## Tokenizer

Create universal tokenizer for items/actions/countries.

In [17]:
%load_ext autoreload
%autoreload 2

In [18]:
import json
with open("../../data/IKEA/insp_feed_dict.json", "r") as file:
    if_dict = json.load(file)

In [3]:
len(if_dict)

# So there are 3600 imgs that were not shown at all

9957

In [4]:
from recommenders.utils.tokenizer import Tokenizer
tt = Tokenizer(vocabulary=["hallo", "ich", "bin", "pat"], unknown=True)
print(tt.itos_)
tt.stoi_

['hallo', 'ich', 'bin', 'pat', '<unk>', '<pad>']

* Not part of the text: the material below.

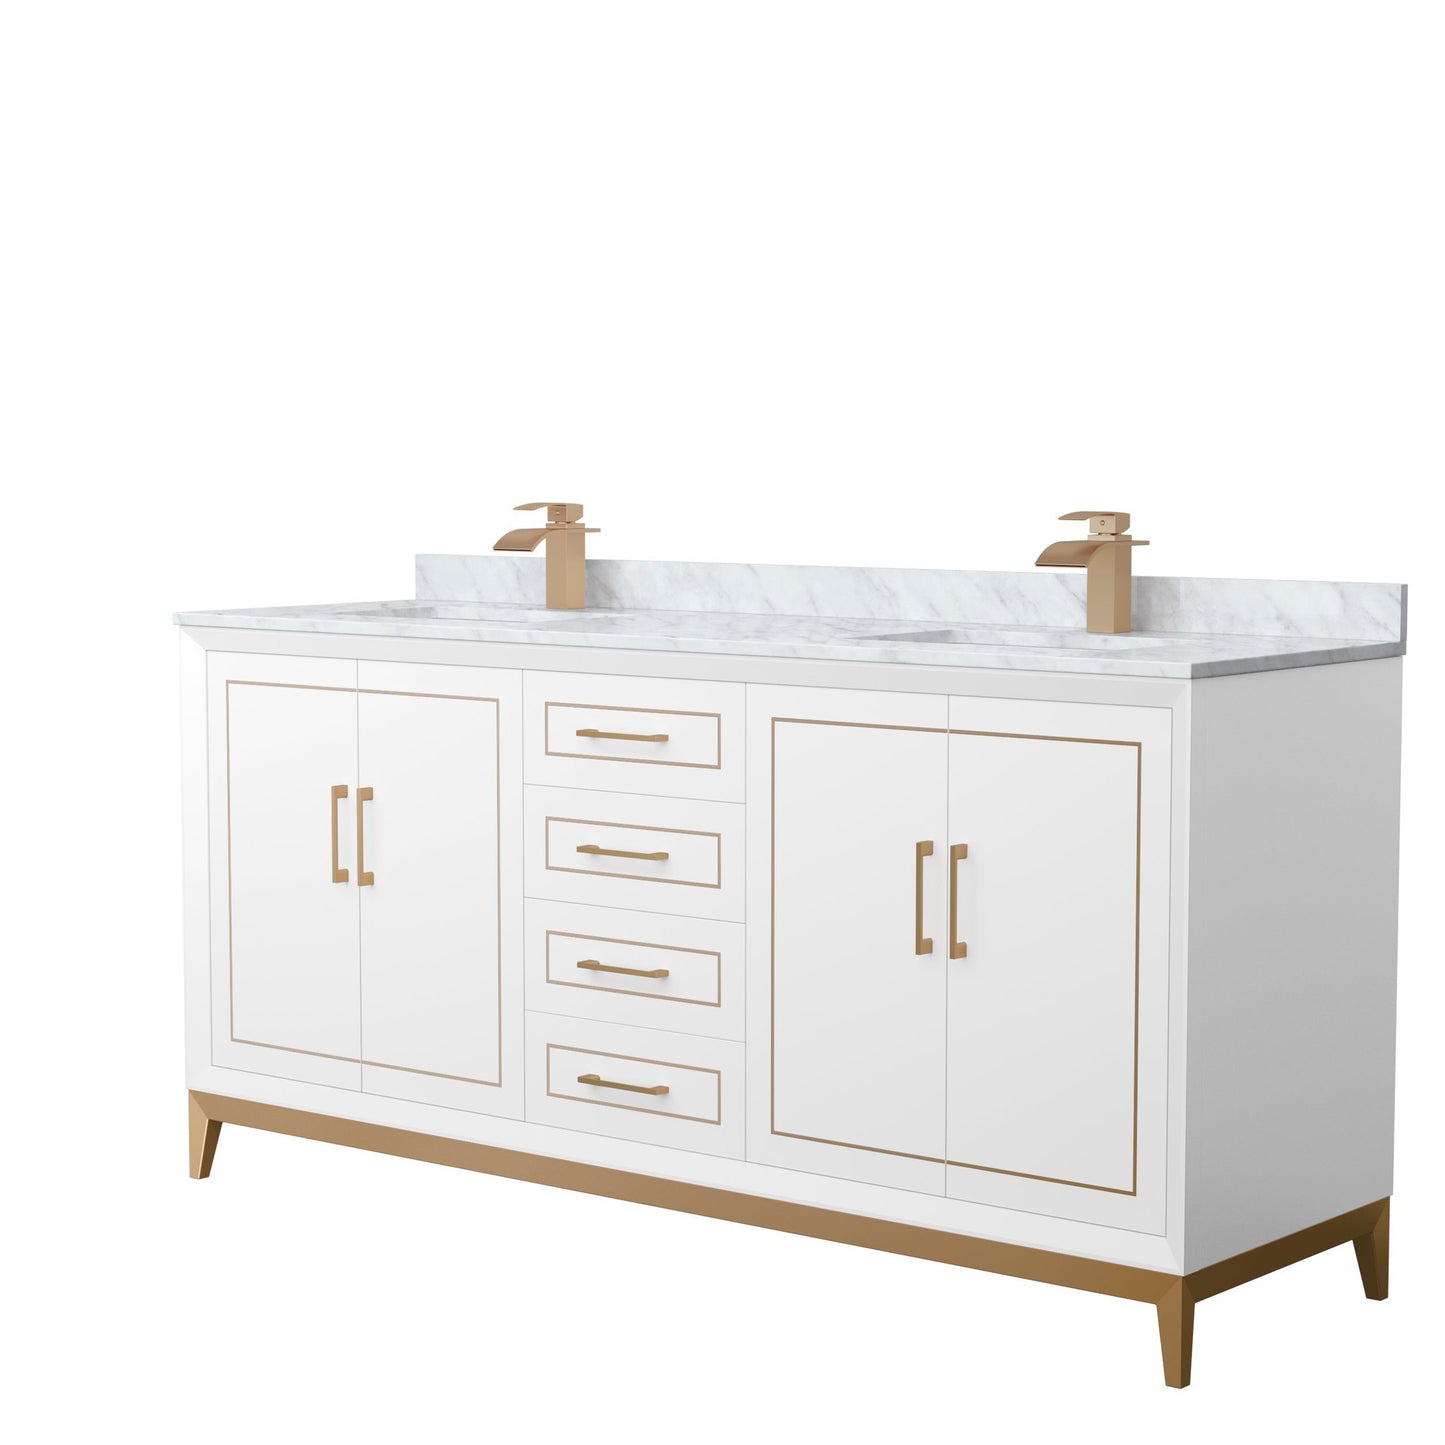 Wyndham Collection Marlena 72" Double Bathroom Vanity in White, White Carrara Marble Countertop, Undermount Square Sinks, Satin Bronze Trim

{'hallo': 0, 'ich': 1, 'bin': 2, 'pat': 3, '<unk>': 4, '<pad>': 5}

In [5]:
# Extend it
tt.extend(new_vocabulary=["perter", "parker"])
tt.extend(new_vocabulary=["DDDD", "HHHHHHHH"])

print(tt.itos_)
print(tt.stoi_)
print(tt.unk_idx)
print(tt.pad_idx)

['hallo', 'ich', 'bin', 'pat', '<unk>', '<pad>', 'perter', 'parker', 'DDDD', 'HHHHHHHH']
{'hallo': 0, 'ich': 1, 'bin': 2, 'pat': 3, '<unk>': 4, '<pad>': 5, 'perter': 5, 'parker': 6, 'DDDD': 7, 'HHHHHHHH': 8}
4
5


In [6]:
# Save to file
tt.save_to_file(file_path="./example_token.json")

In [7]:
# Init form file 
tt_copy = Tokenizer.from_file(file_path="./example_token.json")

print(tt_copy.itos_)
tt_copy.stoi_

['hallo', 'ich', 'bin', 'pat', '<unk>', '<pad>', 'perter', 'parker', 'DDDD', 'HHHHHHHH']


{'hallo': 0,
 'ich': 1,
 'bin': 2,
 'pat': 3,
 '<unk>': 4,
 '<pad>': 5,
 'perter': 5,
 'parker': 6,
 'DDDD': 7,
 'HHHHHHHH': 8}

## Create Tokenizers

### Combinded Image and item tokenizer 

This is a nice approach if we want to have the same indexes for both, the input and output layer. But it is only possible if the input dim larger than the output dim, then the output dim will be the first part togehther with \<unk\>, then we get \<pad\> and the extend it by the rest.

In [13]:
import pandas as pd

# Load train dataset 
train = pd.read_csv("../../temp_data/temp_train.csv")

In [14]:
inspiration = train[train.action_type.isin(["click_inspiration", "select_content"])].item_id.unique()
items = train[~train.action_type.isin(["click_inspiration", "select_content"])].item_id.unique()

In [15]:
print(len(inspiration))
print(len(items))

6304
121106


In [None]:
from recommenders.utils.tokenizer import Tokenizer

# Tokenizer for items and images
# First add images from the training data and from the online dict 
# These will be the output layer.
item_tok = Tokenizer(list(if_dict.keys()), unknown=True)
item_tok.extend(items)

item_tok.save_to_file("../../data/IKEA/tokenizers/tokenizer_items_images.json")

In [None]:
len(item_tok.stoi_)

In [None]:
item_tok.stoi("<pad>")

In [None]:
loaded_item_tok = Tokenizer.from_file("../../data/IKEA/tokenizers/tokenizer_items_images.json")

In [None]:
loaded_item_tok.stoi("<pad>")

In [None]:
len(loaded_item_tok.stoi_)

### Seperate tokenizers for input and output

#### 1. Input

The input dims will be all product and pictures inside the whole training set. 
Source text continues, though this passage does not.